» **What you have to do**
This exercise calls for the whole listing to be given again exactly, without images.

++++ Recorded data

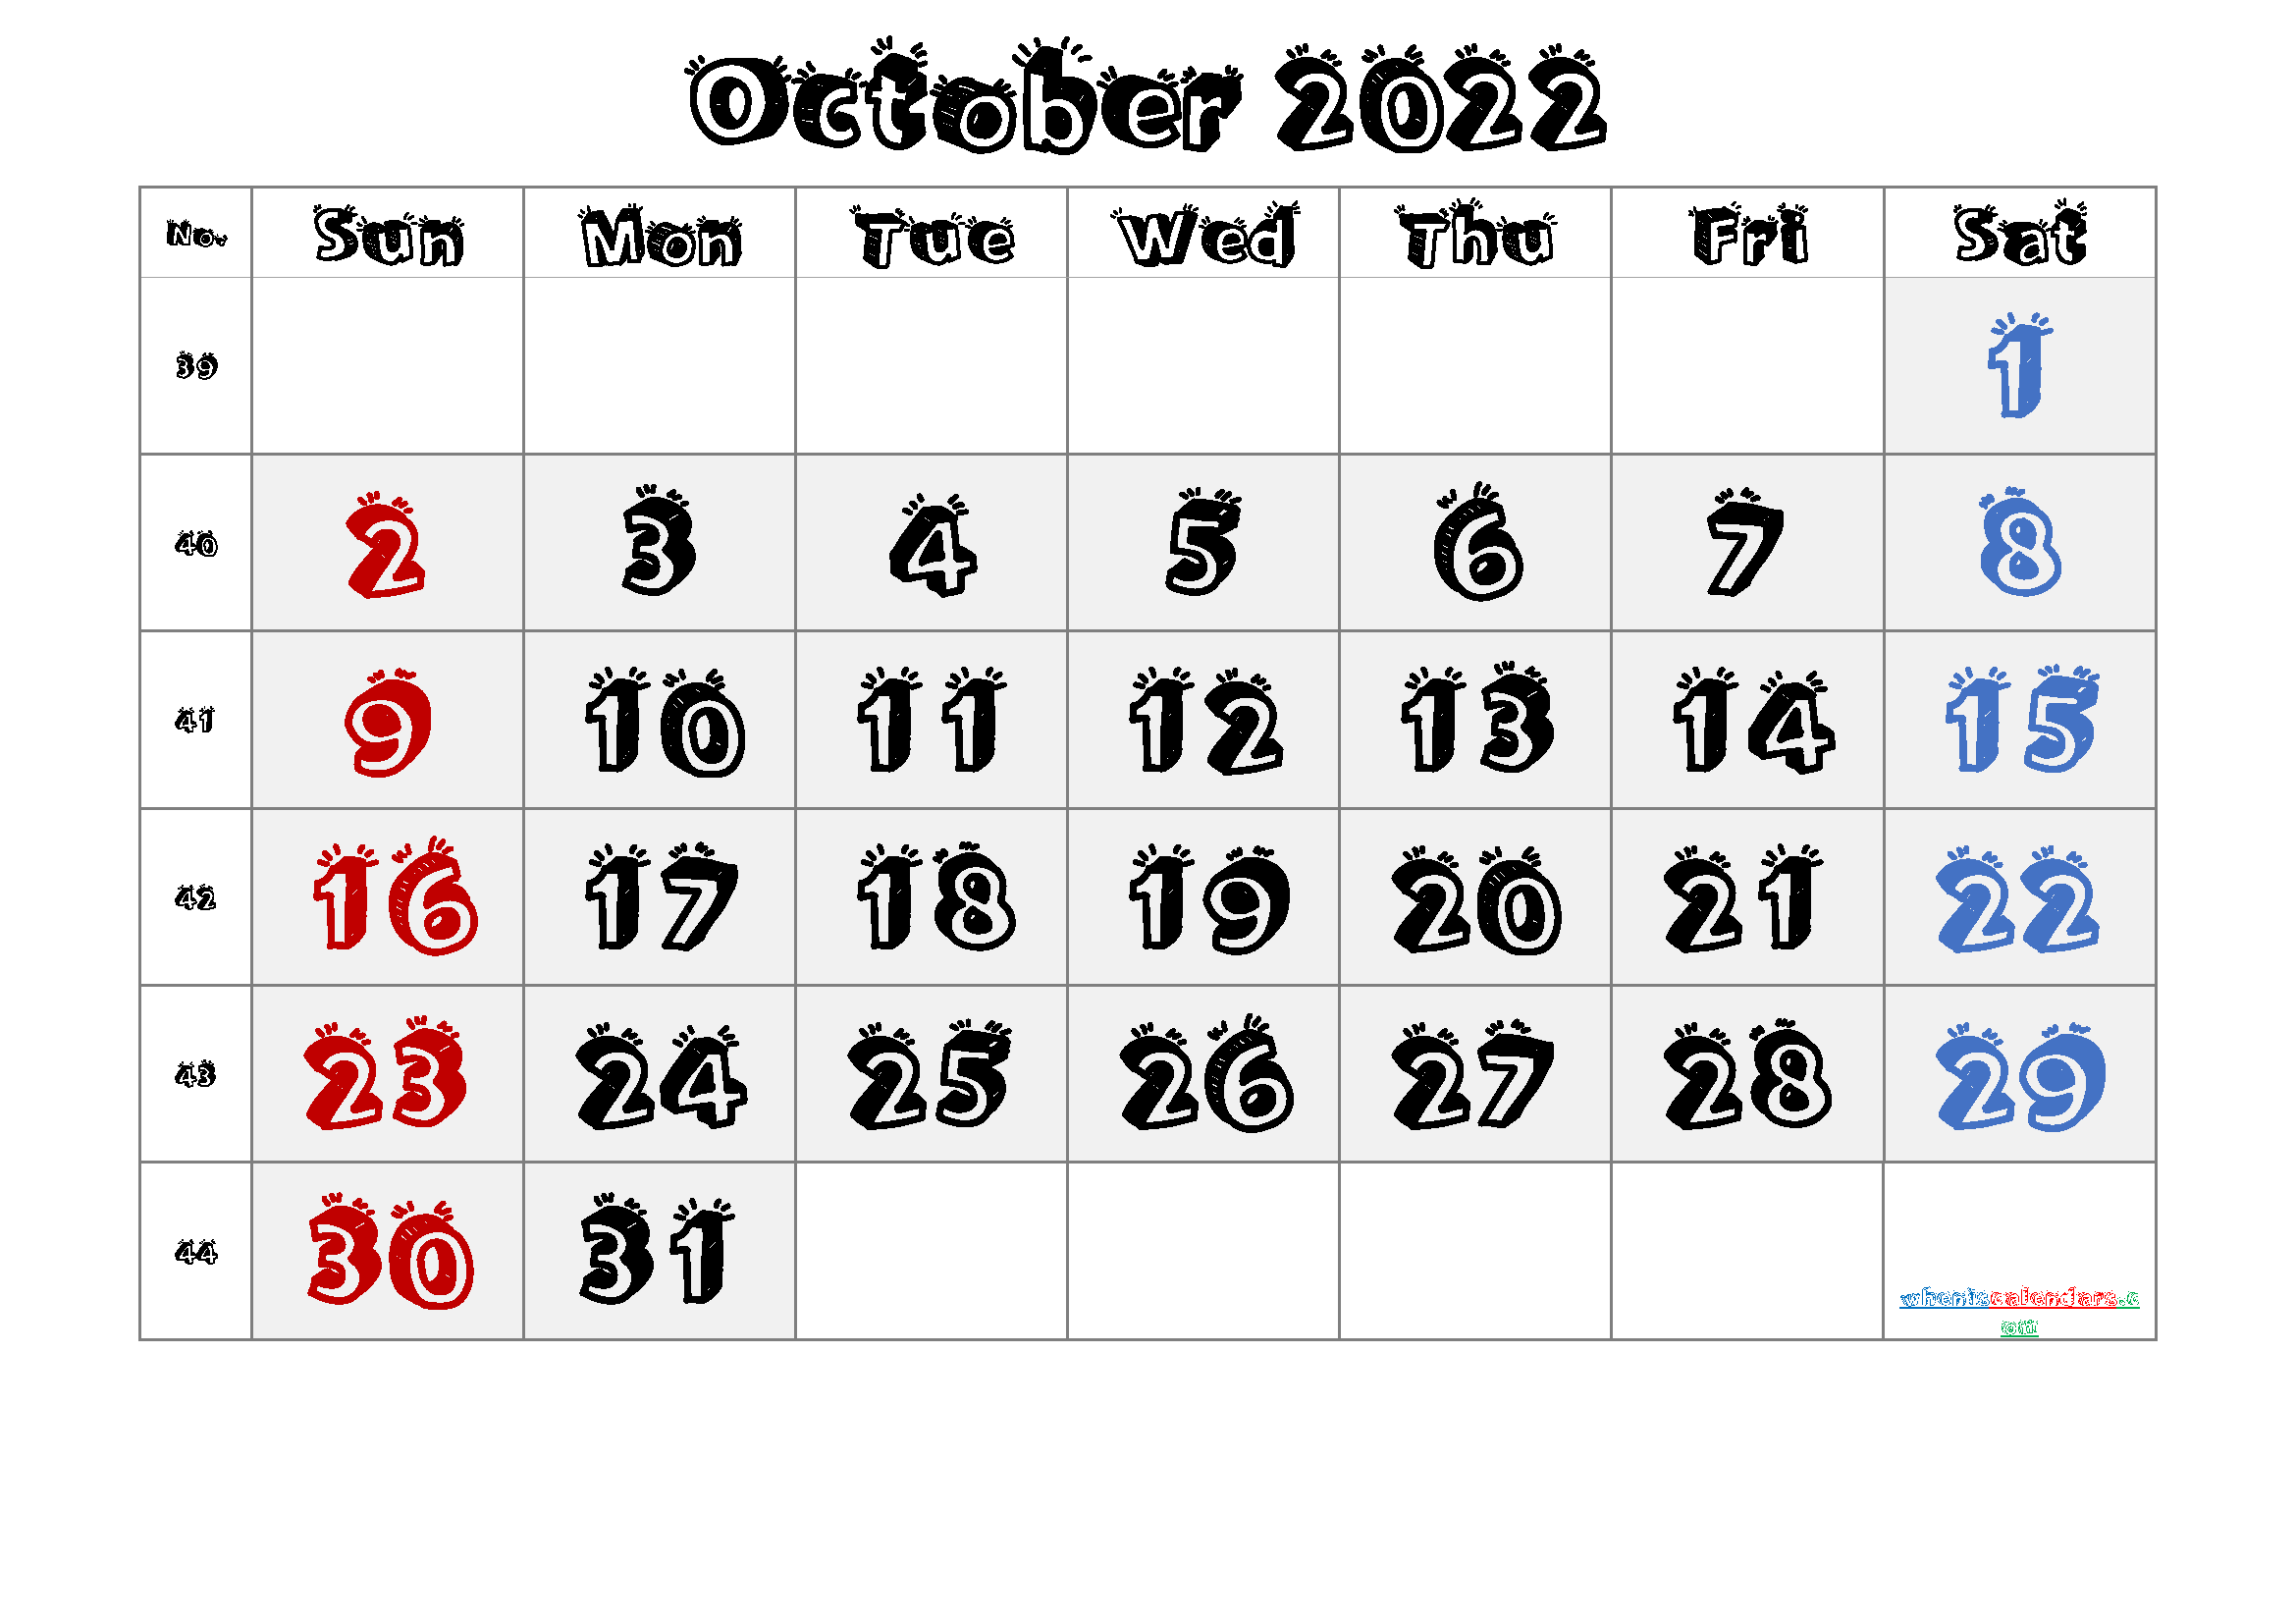 2022 October Free Printable Calendar
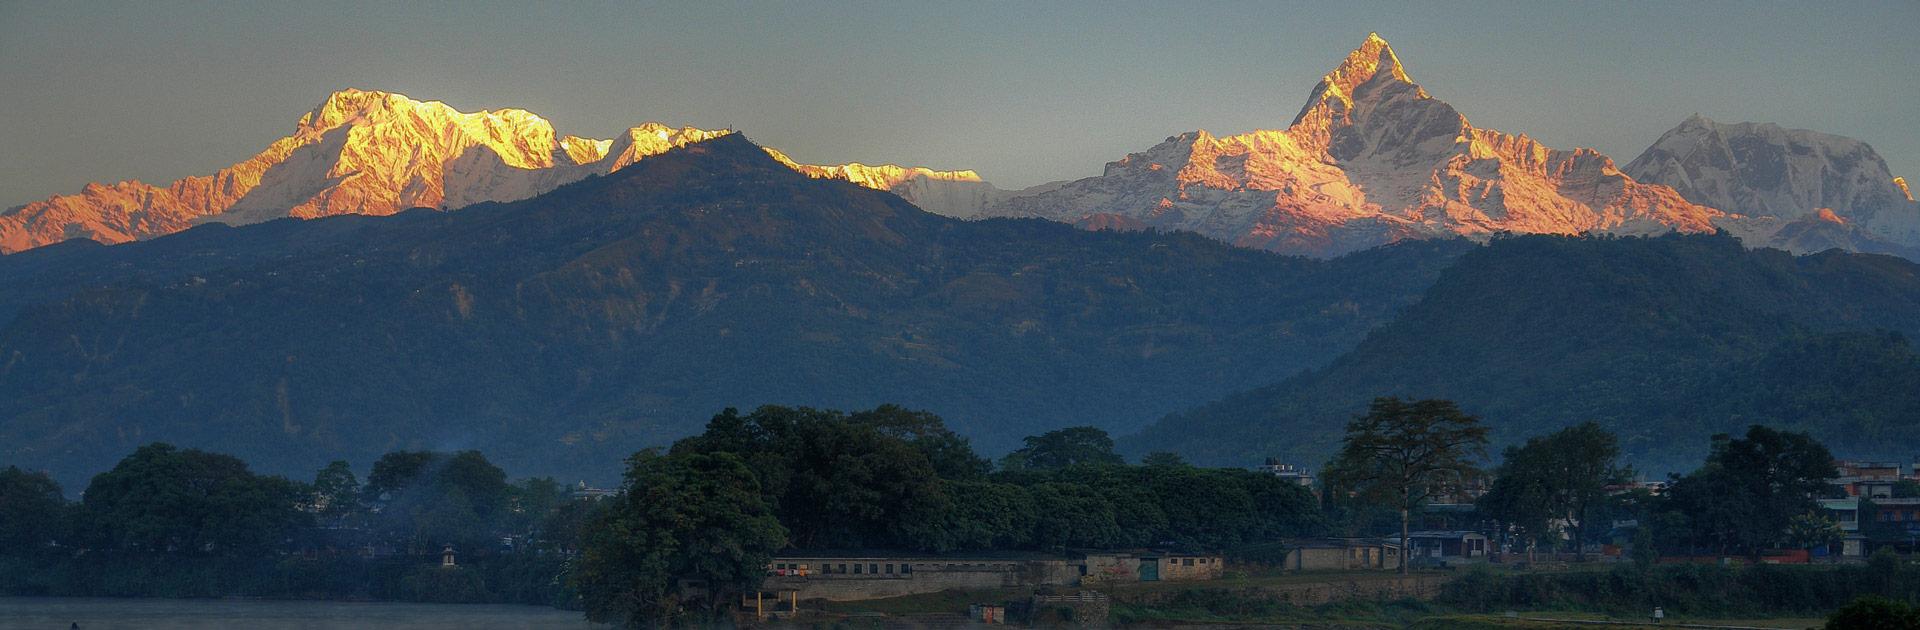 NP Nepal Clásico 9 días 2
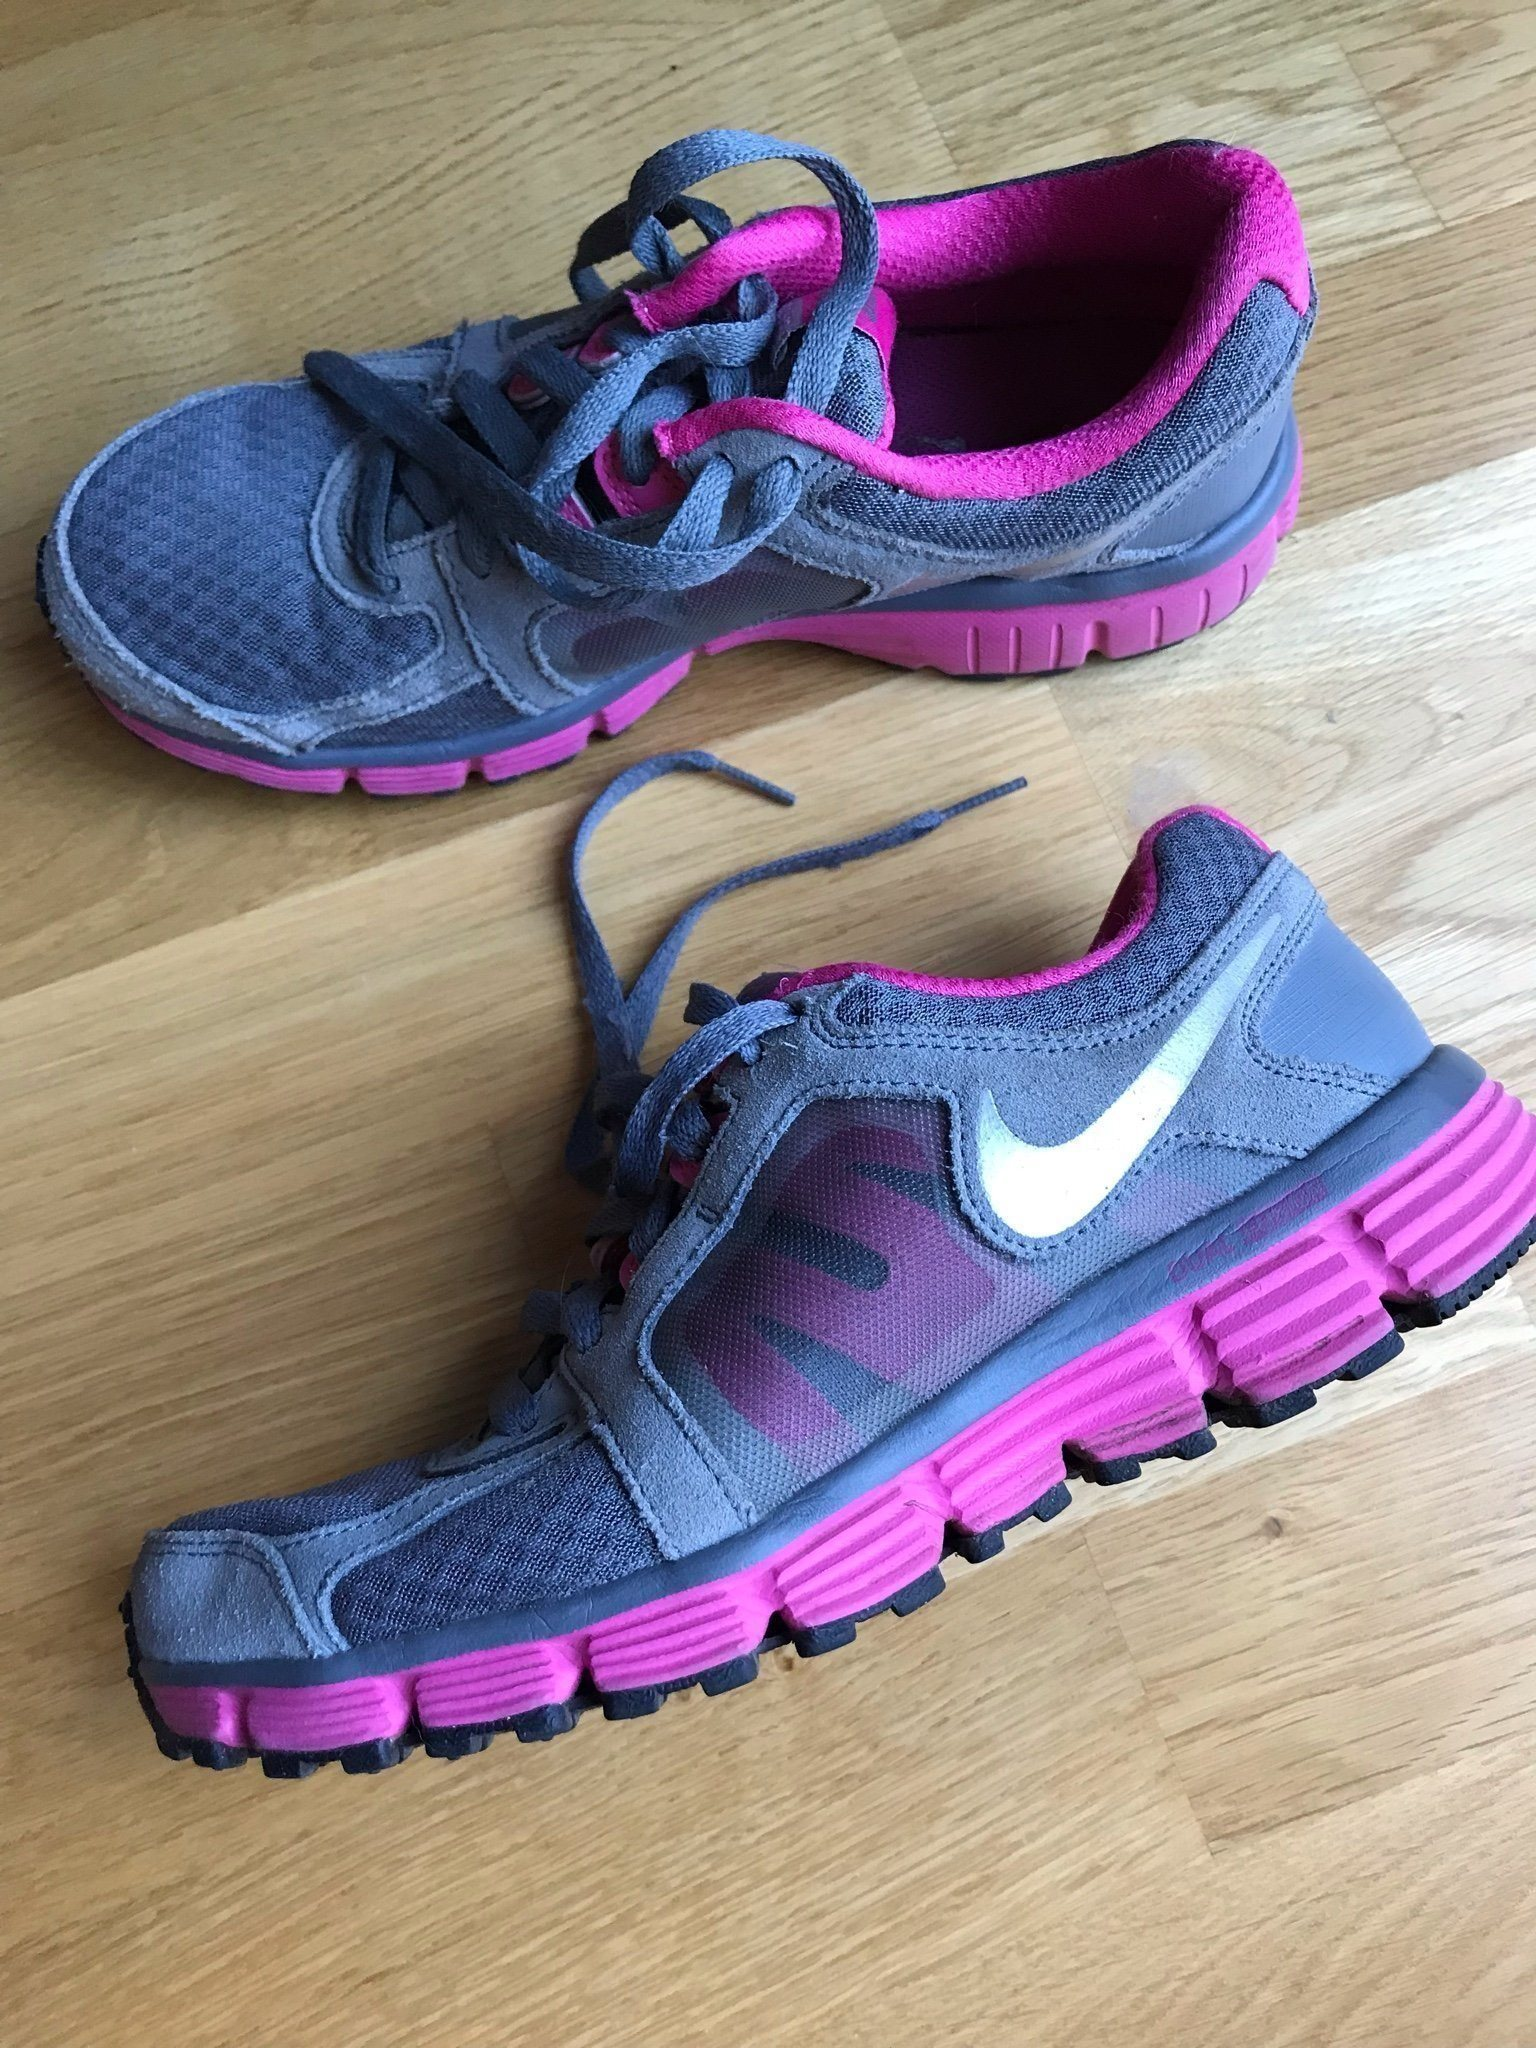 new product ef6a3 aea5c Nike skor storlek 38,5 dam

++++++++

» **Reply**
 2022 October Free Printable Calendar
 NP Nepal Clásico 9 días 2
 new product ef6a3 aea5c Nike skor storlek 38,5 dam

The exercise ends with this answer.